Supplied information:
------------------------------------------------------------

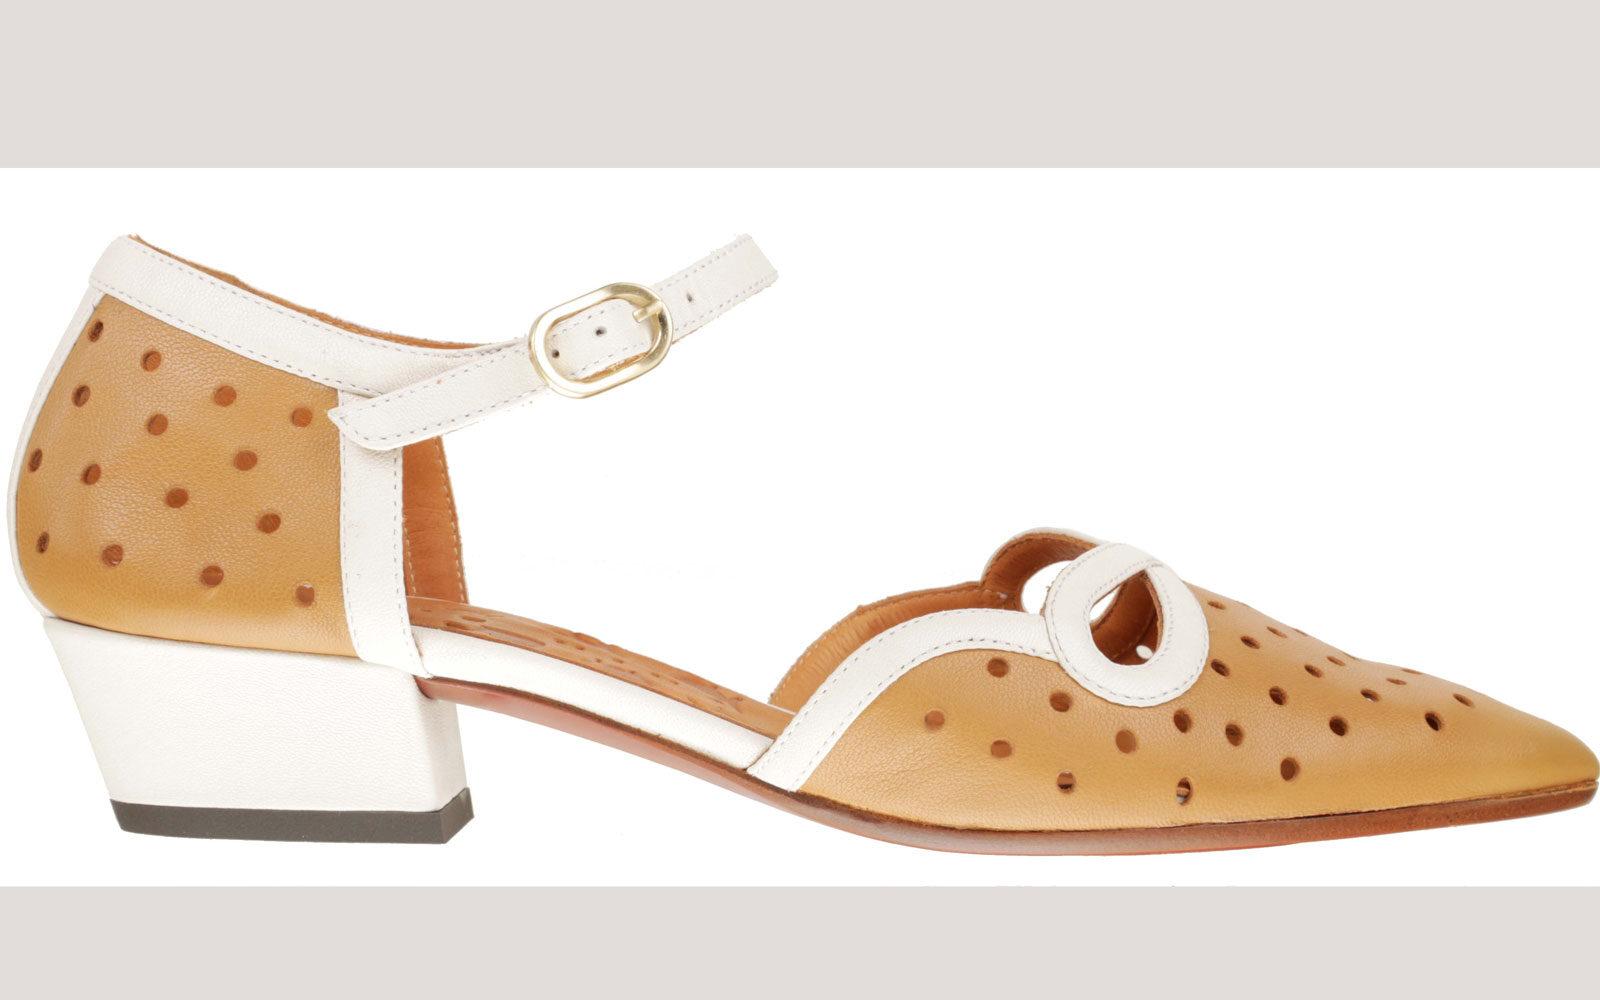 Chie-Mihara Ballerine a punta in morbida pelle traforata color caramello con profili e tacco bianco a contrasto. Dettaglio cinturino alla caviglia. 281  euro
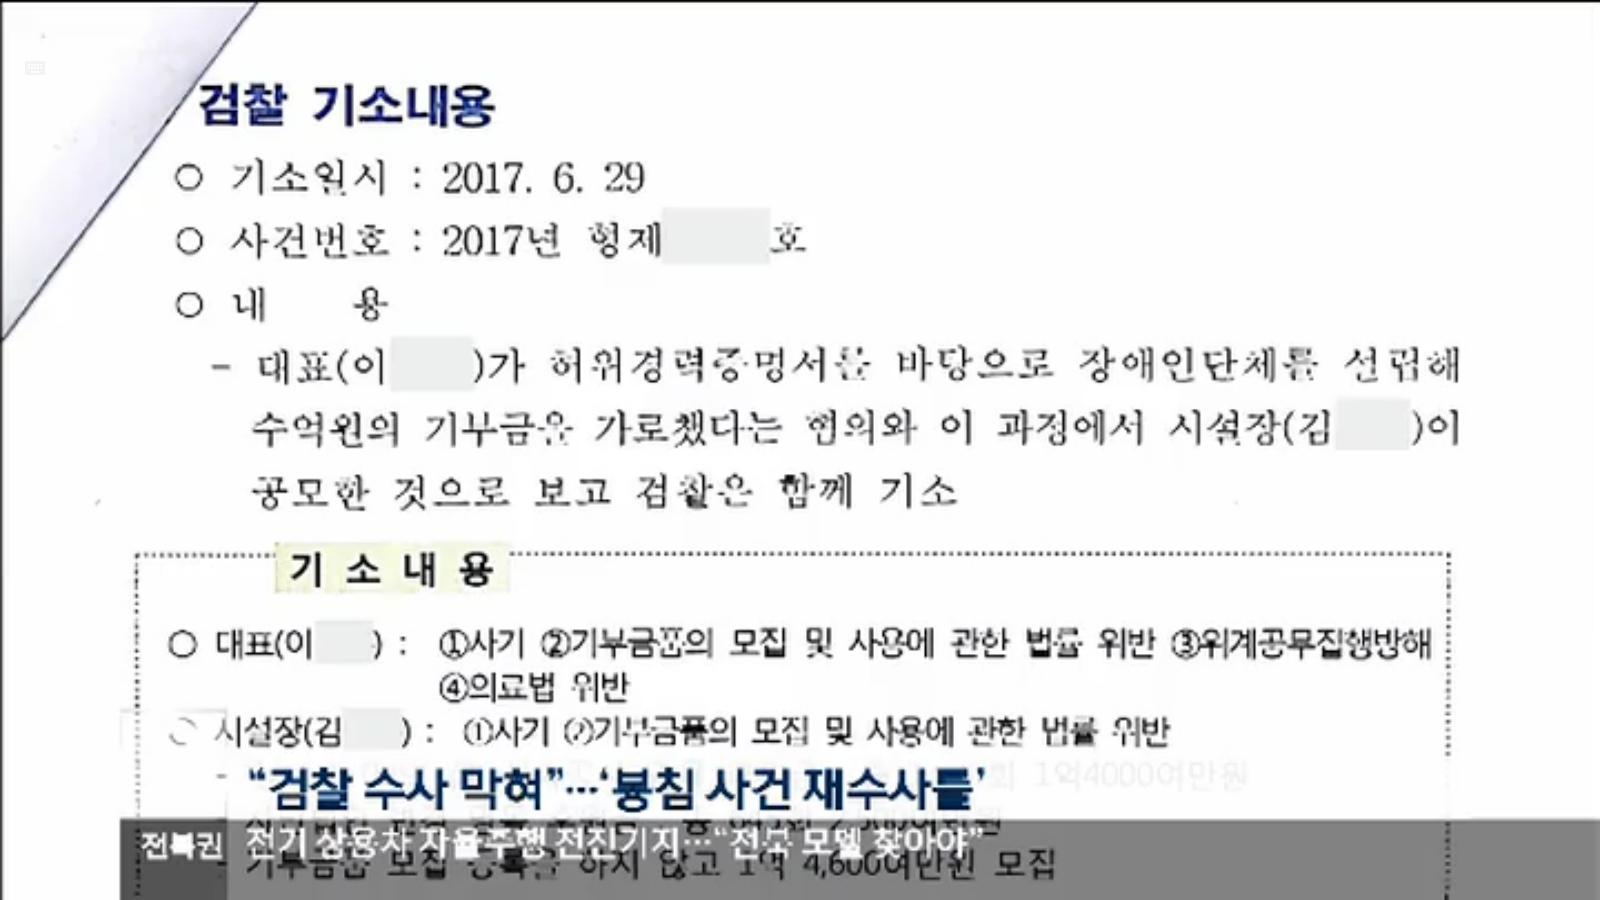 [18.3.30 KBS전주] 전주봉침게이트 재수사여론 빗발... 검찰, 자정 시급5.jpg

------------------------------------------------------------

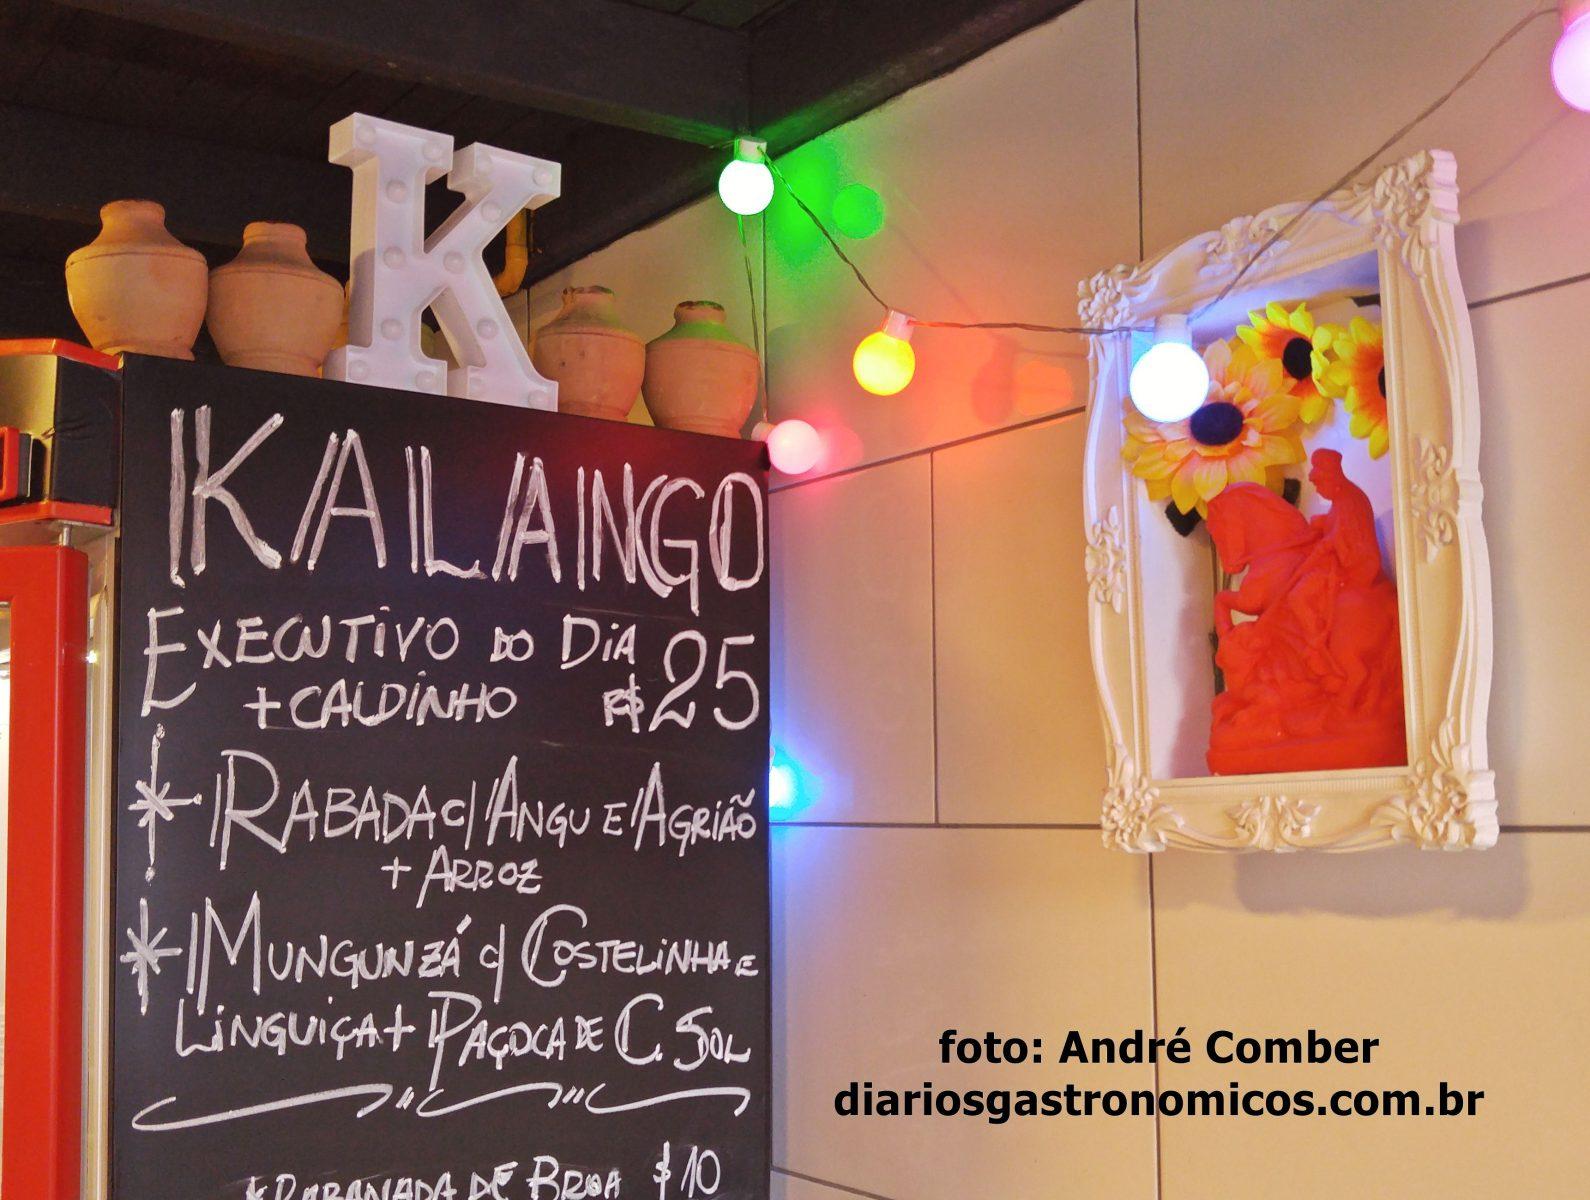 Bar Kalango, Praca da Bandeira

------------------------------------------------------------

Your goal: In the listing above, find the line containing "Chie-Mihara Ballerine a" and the line containing "[18.3.30 KBS전주] 전주봉침게이트", then return both of them and every line between, exactly, without pictures.

Result of the task:
 Chie-Mihara Ballerine a punta in morbida pelle traforata color caramello con profili e tacco bianco a contrasto. Dettaglio cinturino alla caviglia. 281  euro
 [18.3.30 KBS전주] 전주봉침게이트 재수사여론 빗발... 검찰, 자정 시급5.jpg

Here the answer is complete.